Work item - Exact reproduction of all the data is required, with pictures excluded.

Source material -

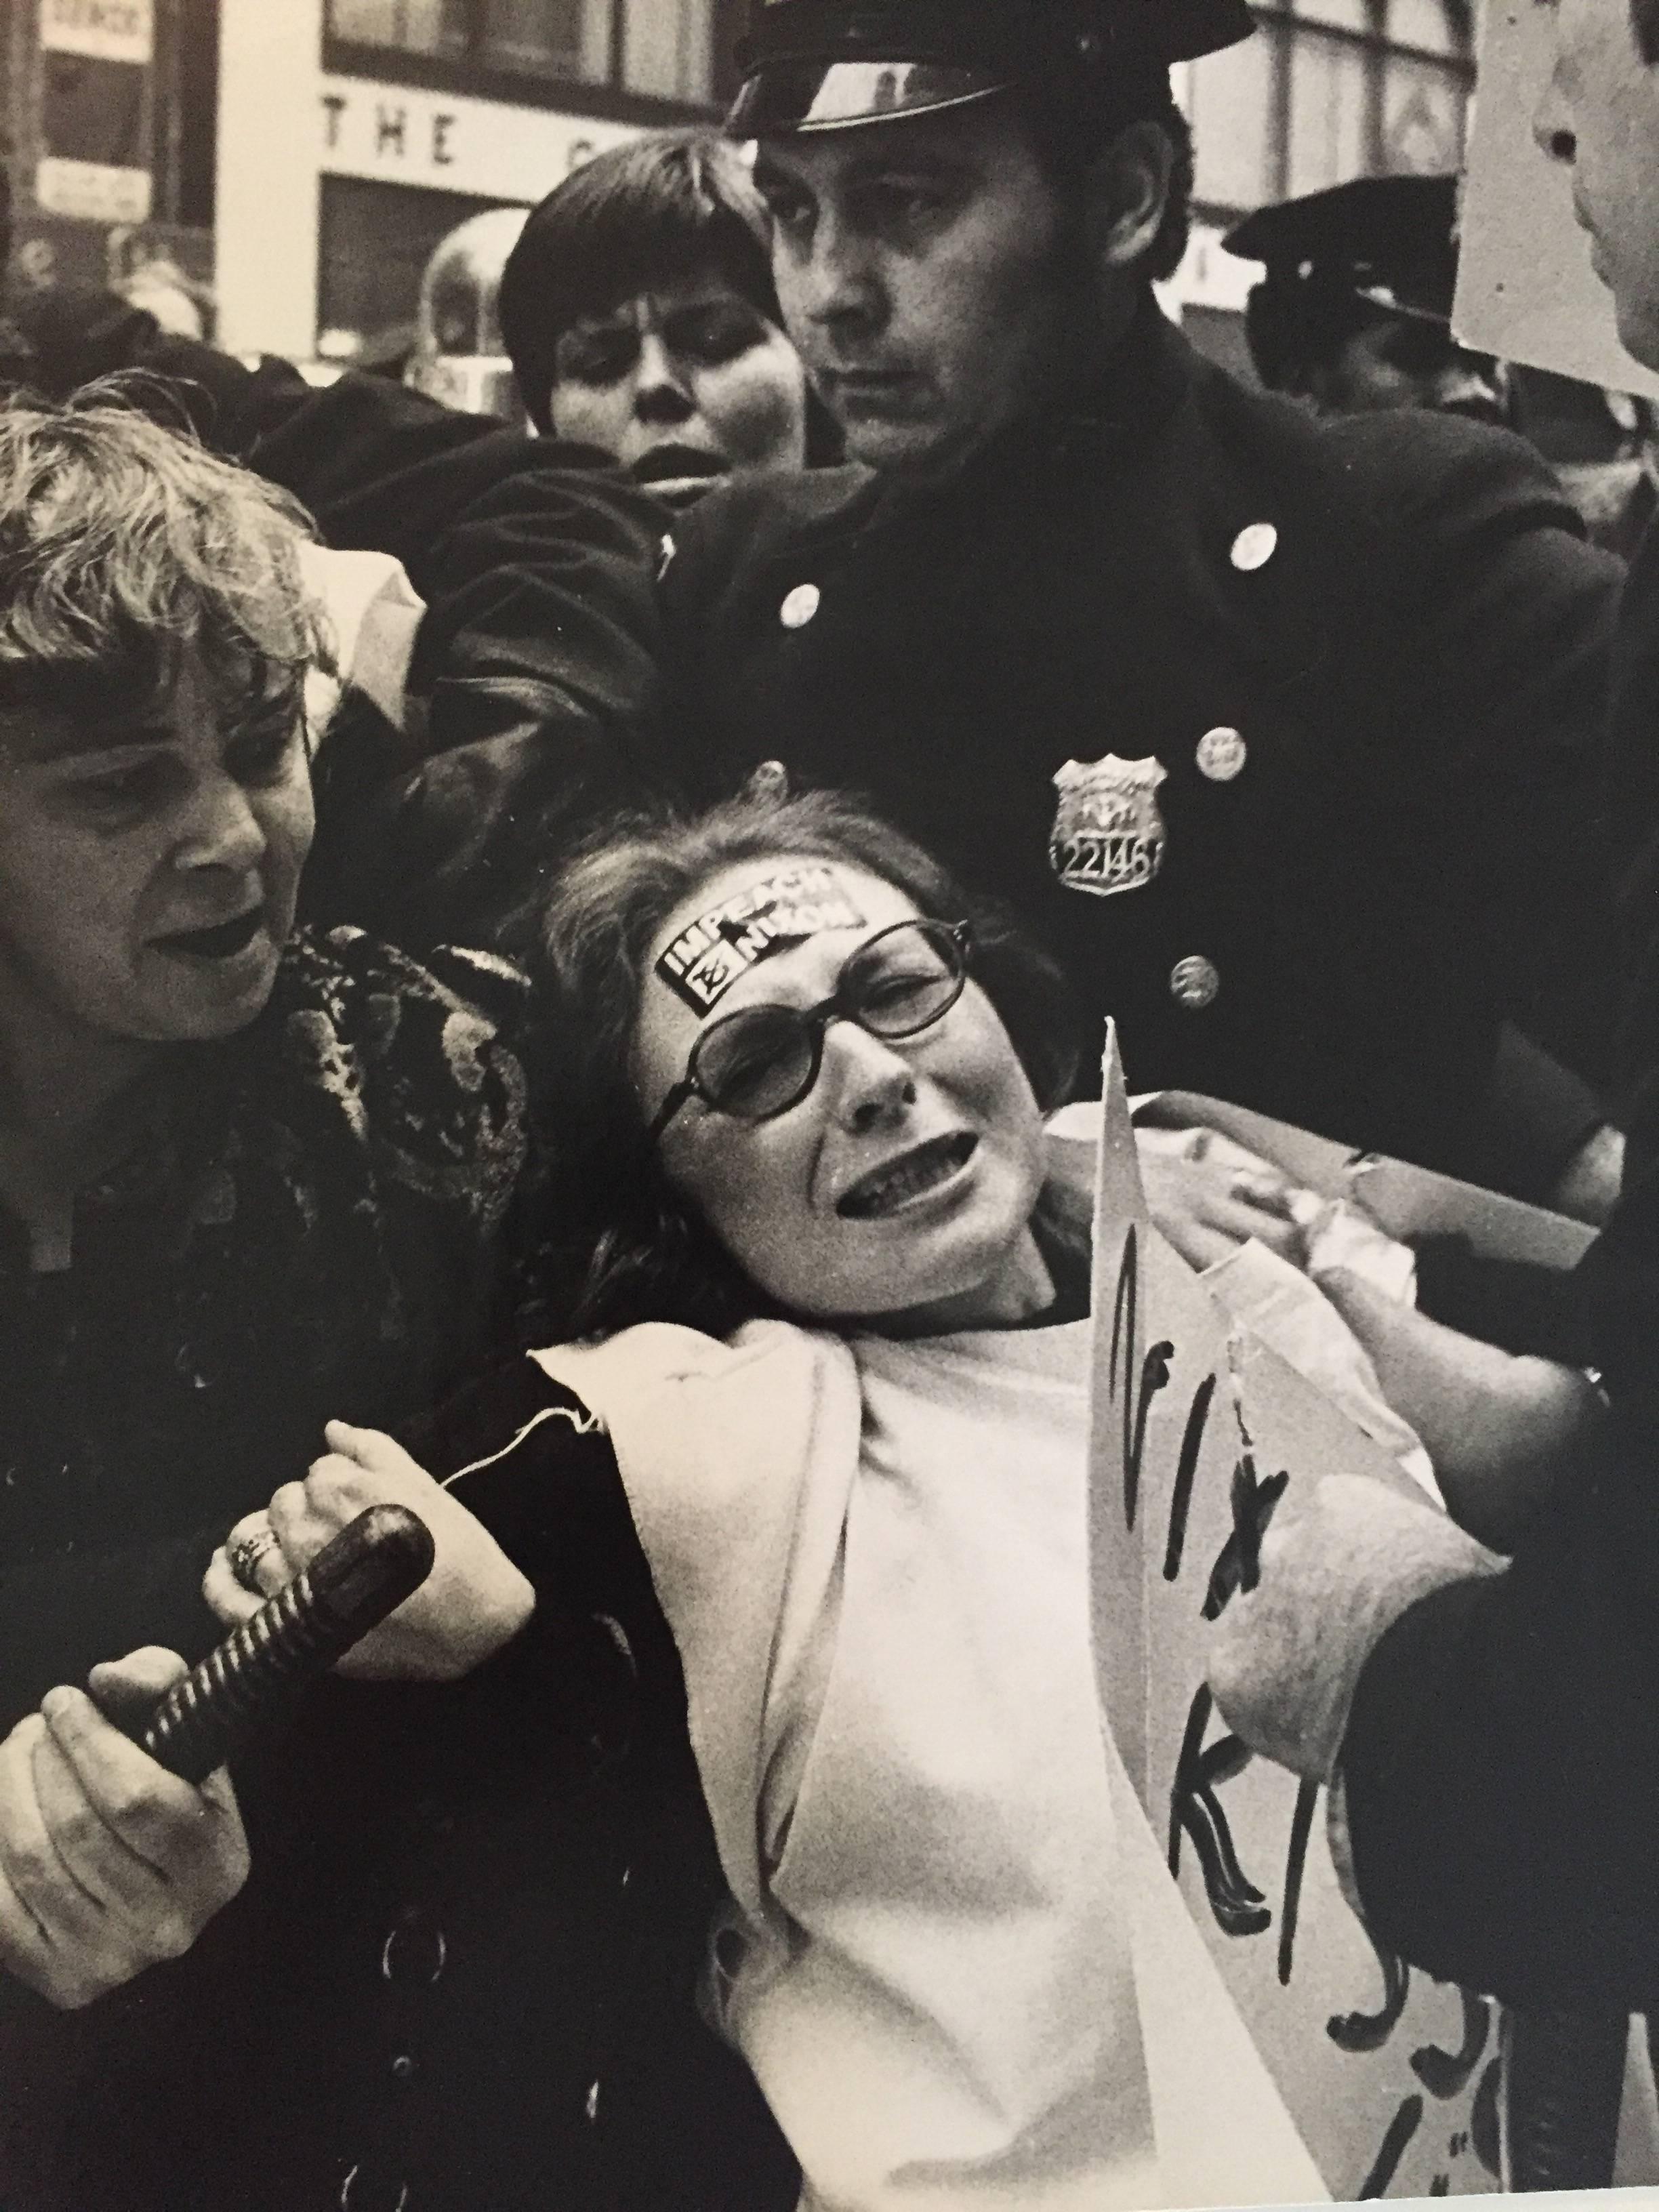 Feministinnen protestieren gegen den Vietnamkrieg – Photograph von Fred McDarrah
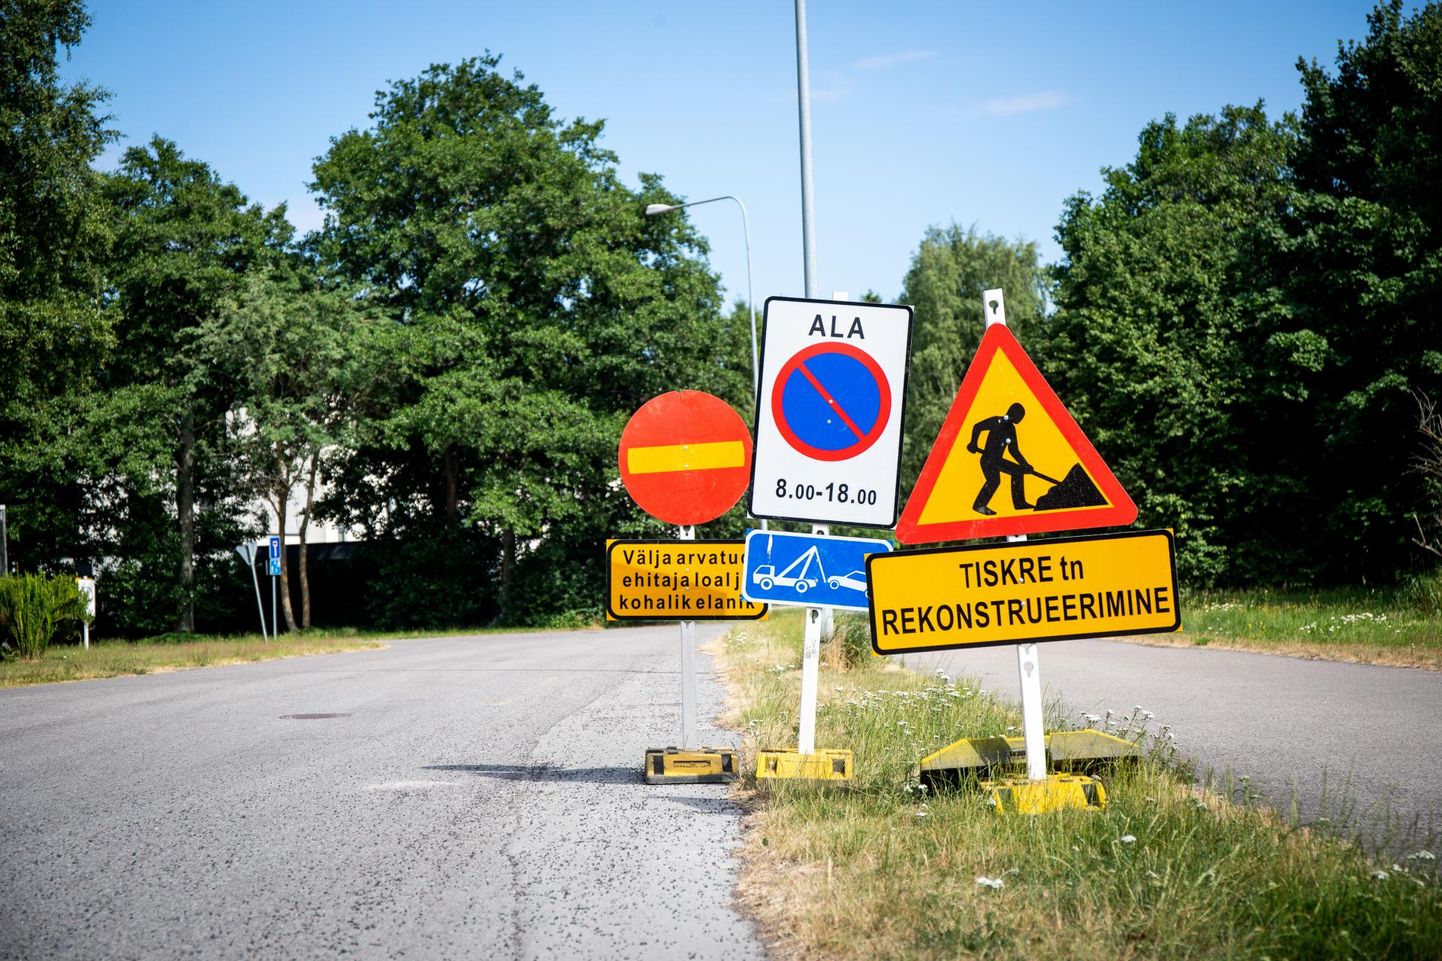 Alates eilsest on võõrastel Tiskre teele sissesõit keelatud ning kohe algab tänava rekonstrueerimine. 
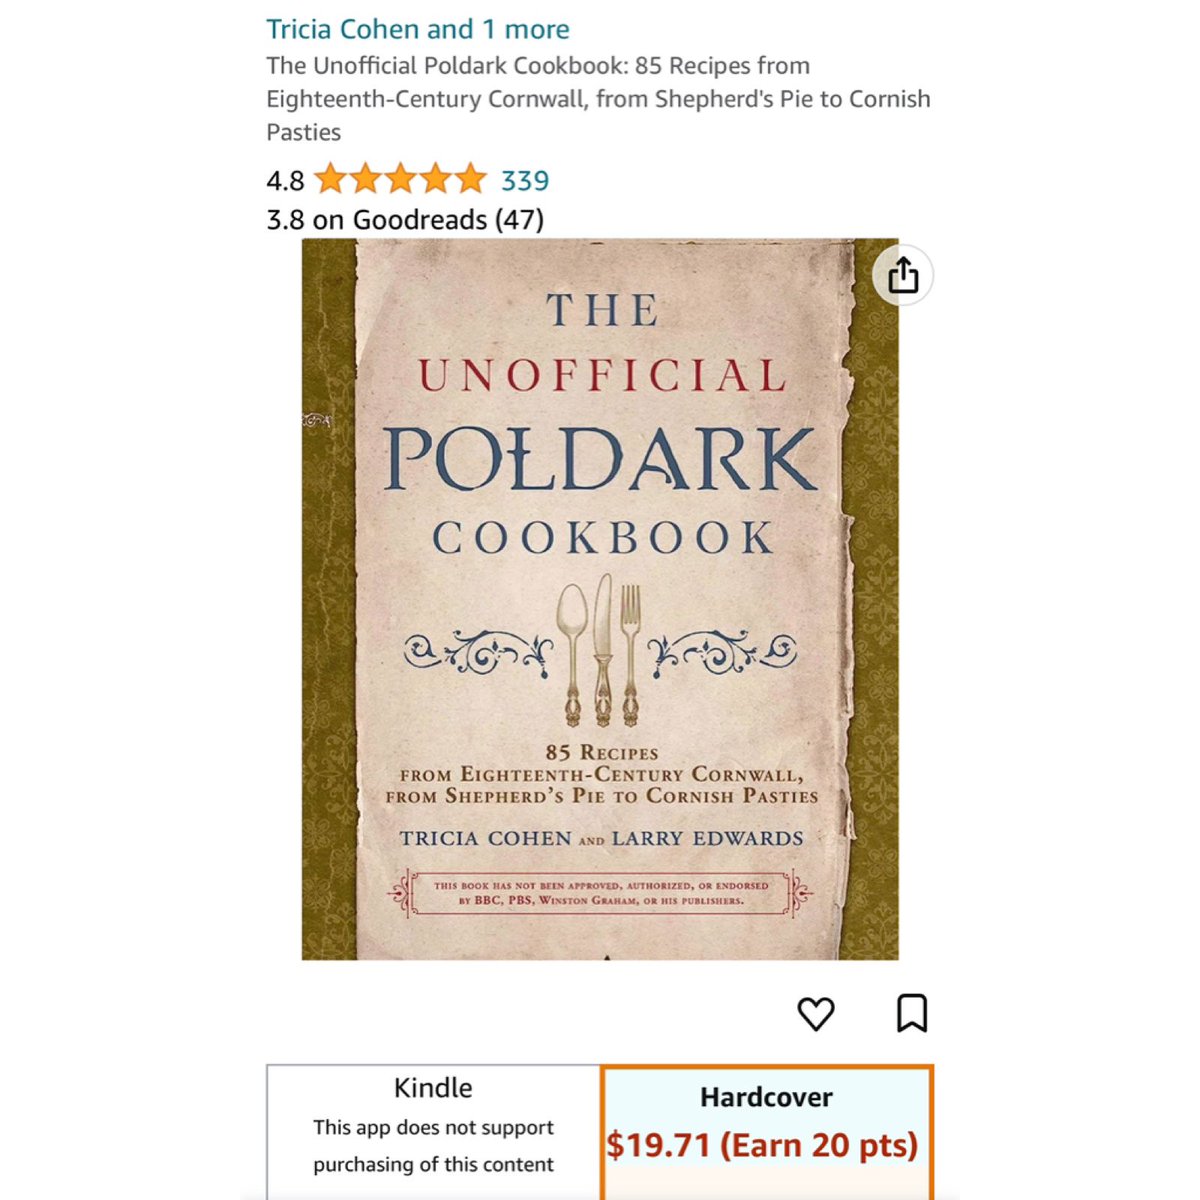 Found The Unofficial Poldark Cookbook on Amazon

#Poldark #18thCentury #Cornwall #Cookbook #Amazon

Answer -
 Feministinnen protestieren gegen den Vietnamkrieg – Photograph von Fred McDarrah
 Alates eilsest on võõrastel Tiskre teele sissesõit keelatud ning kohe algab tänava rekonstrueerimine. 
 Found The Unofficial Poldark Cookbook on Amazon

#Poldark #18thCentury #Cornwall #Cookbook #Amazon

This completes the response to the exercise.